AIM OF THE EXERCISE:
Exactly as they appear, retype the lines from the one containing "Feed the Birds" through the final line of the data below. Leave pictures out.

━━━━━ DATA PROVIDED

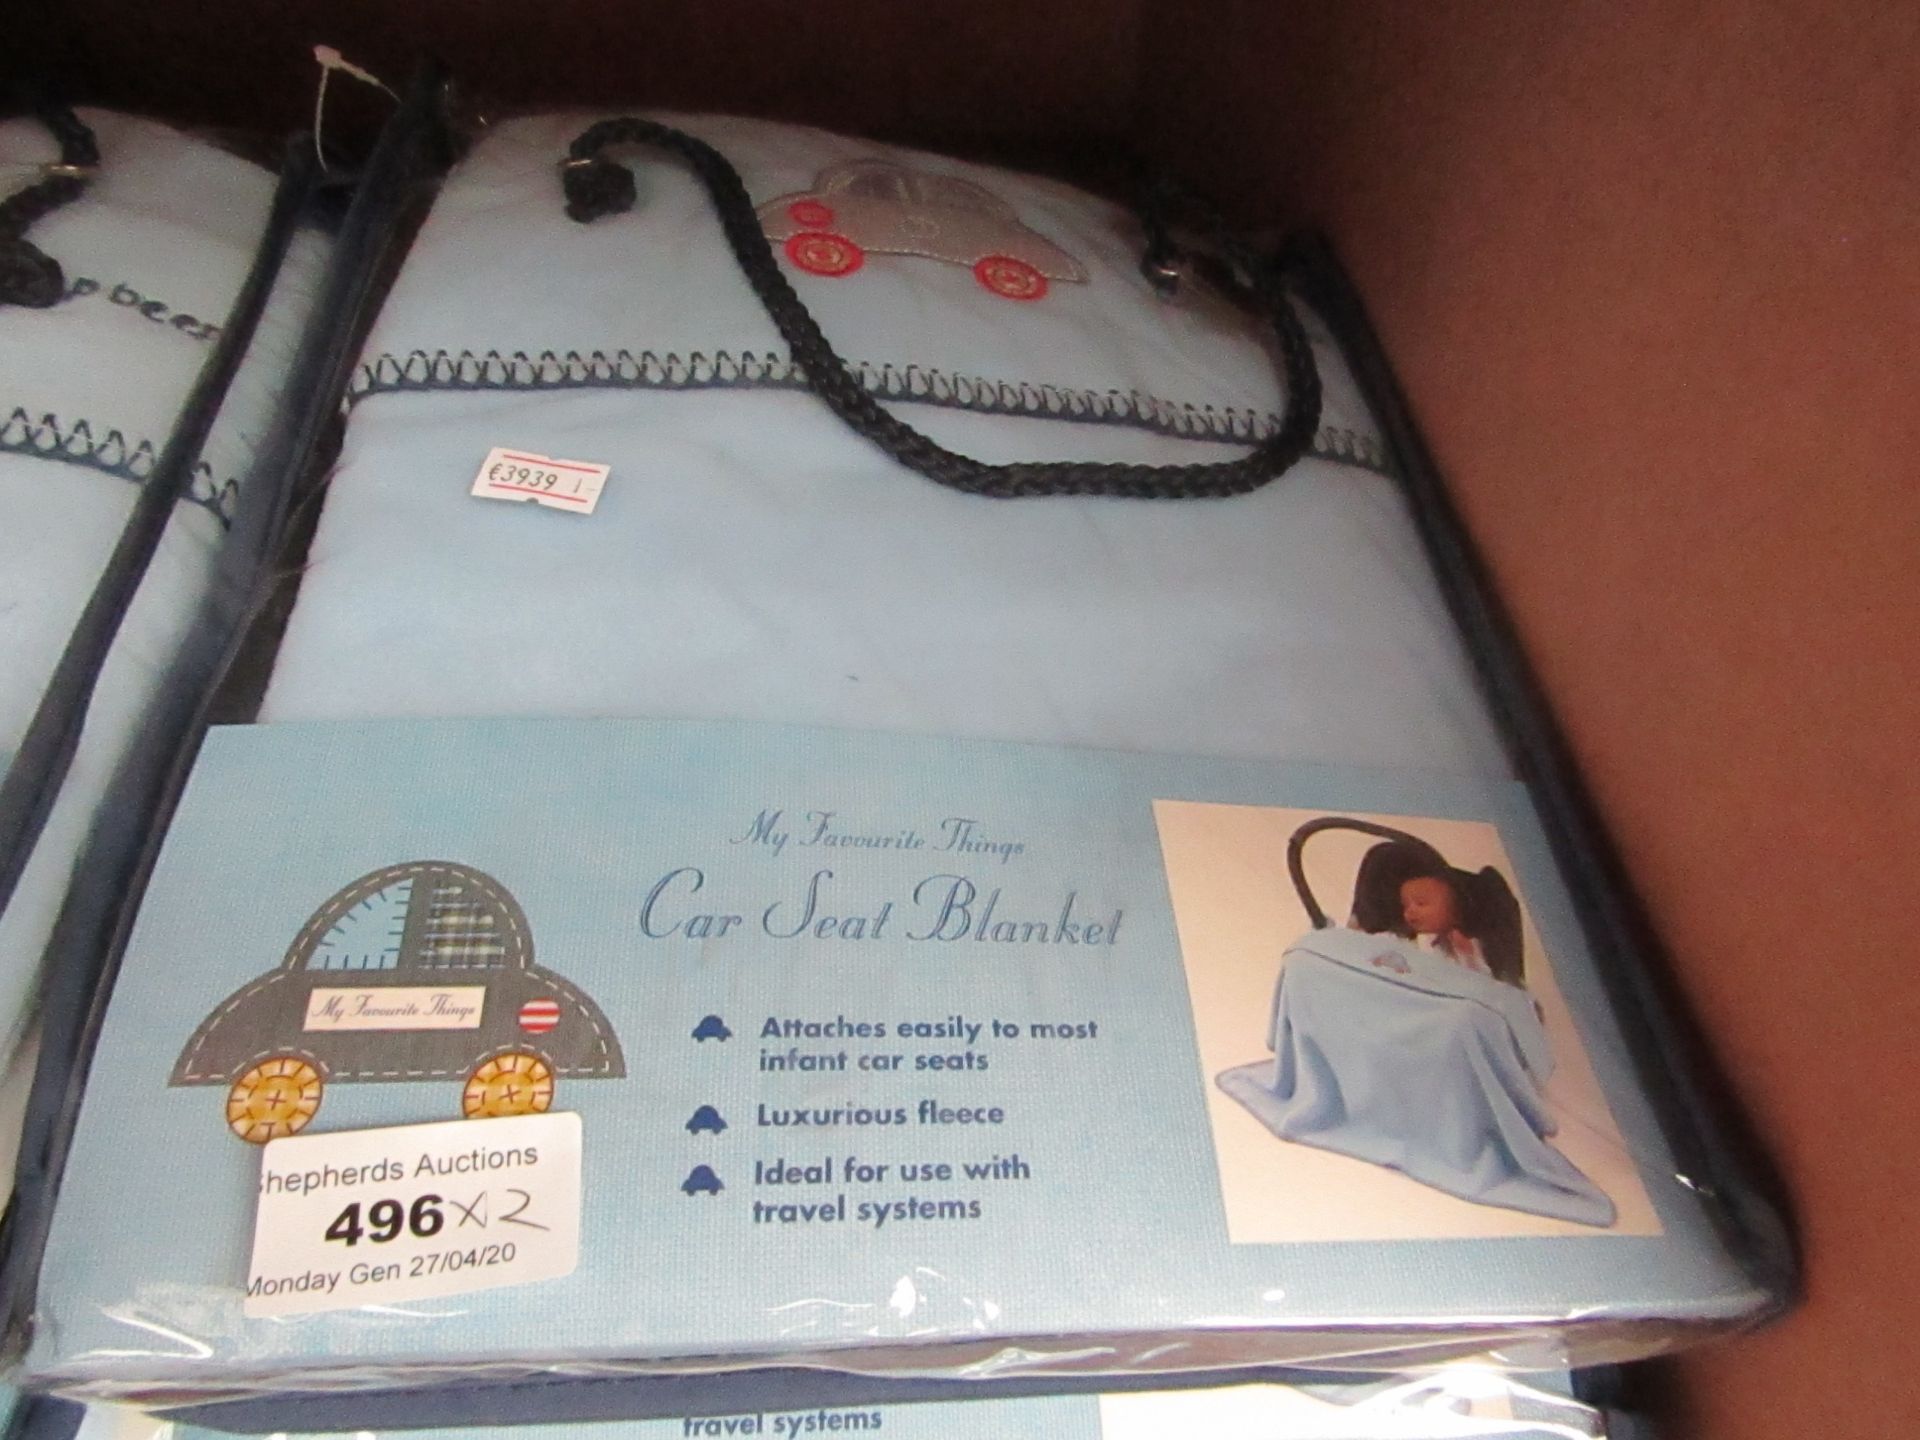 2x My Favourite things car seat Blankets - New in carry case.
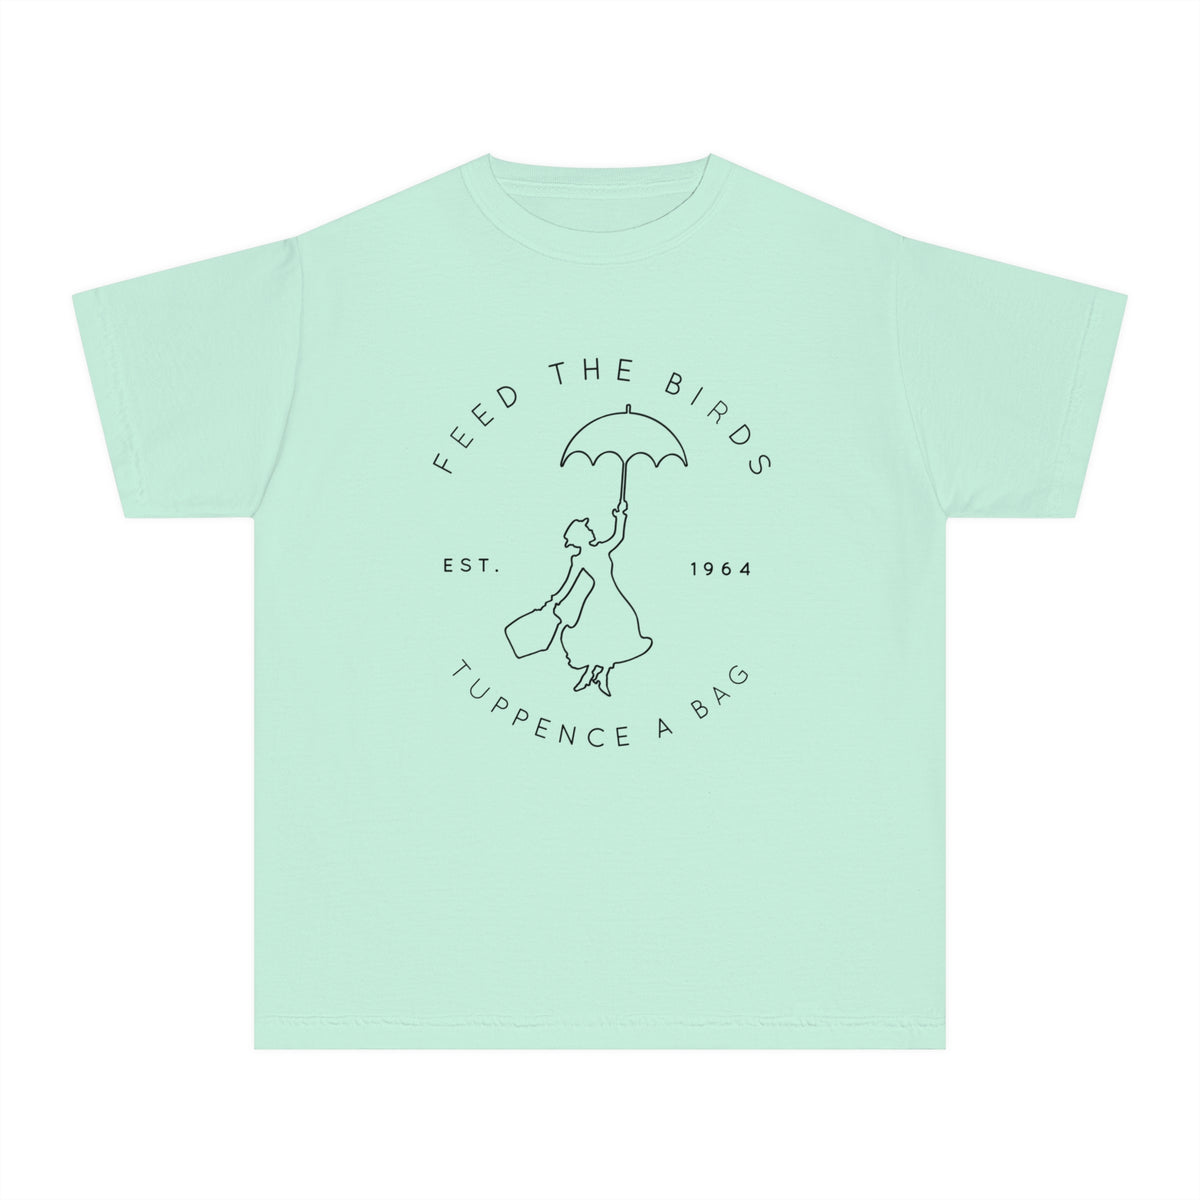 Feed the Birds Tuppence A Bag Comfort Colors Youth Midweight Tee
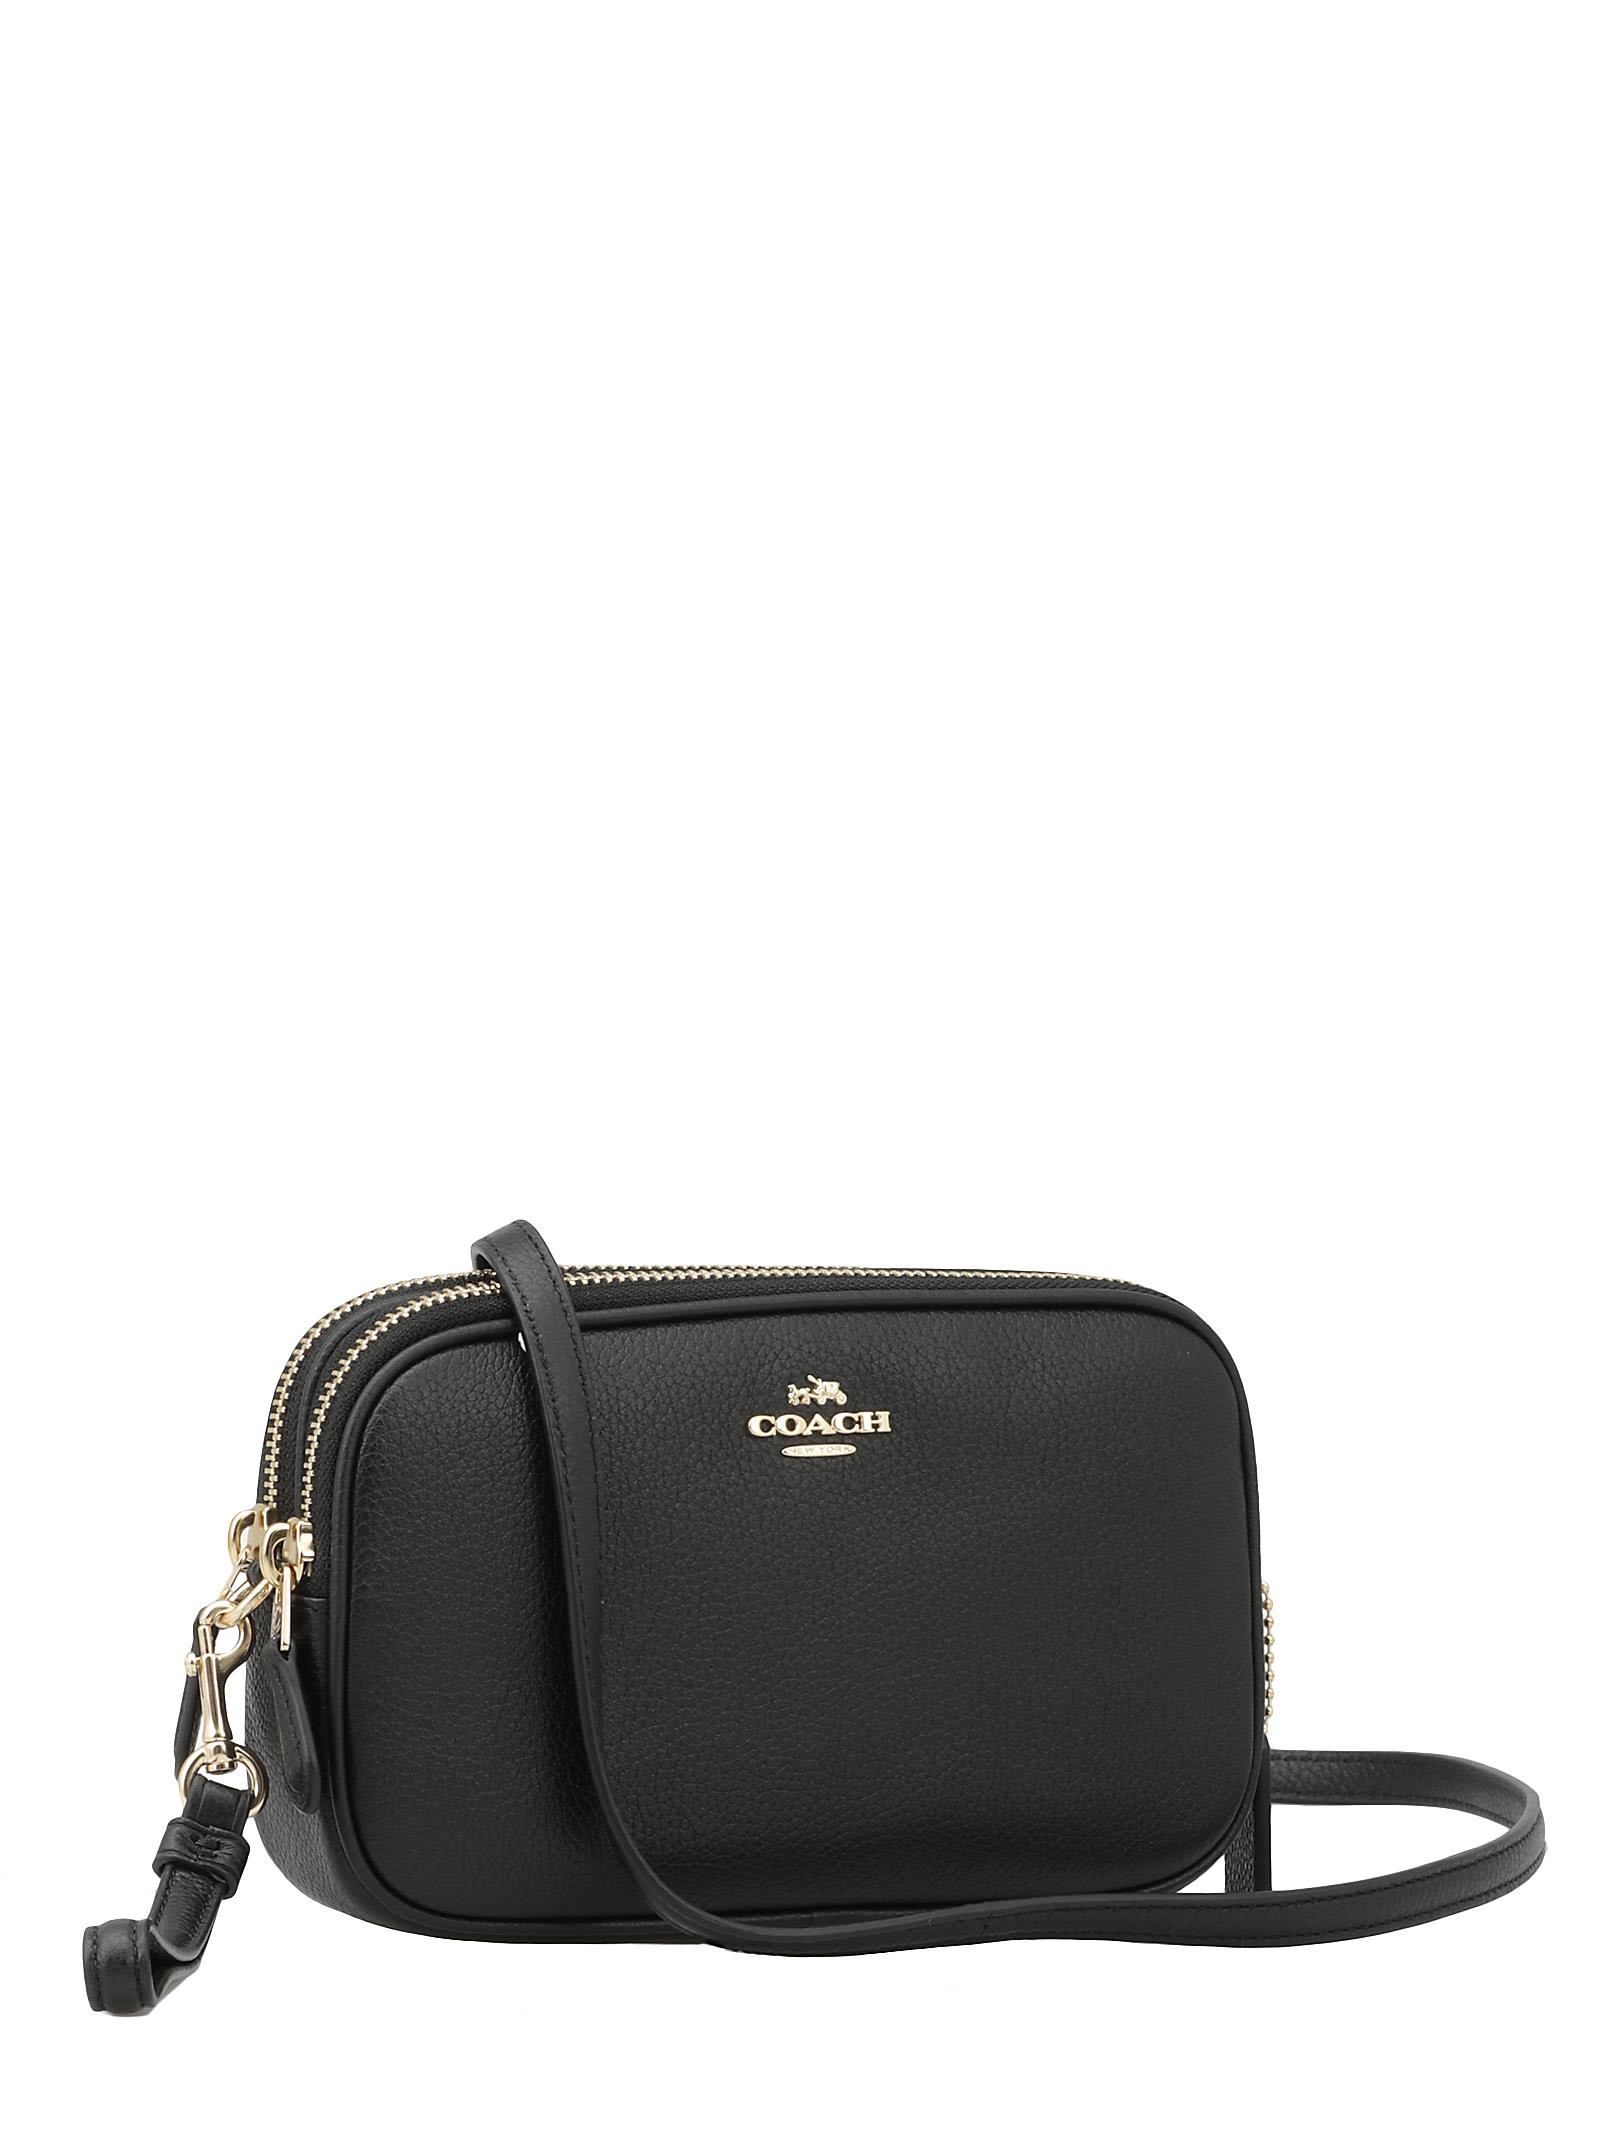 Awesome! Best price in the market for Coach Crossbody Clutch

━━━━━━━━━━

SOLUTION TO THE EXERCISE:
 Feed the Birds Tuppence A Bag Comfort Colors Youth Midweight Tee
 Awesome! Best price in the market for Coach Crossbody Clutch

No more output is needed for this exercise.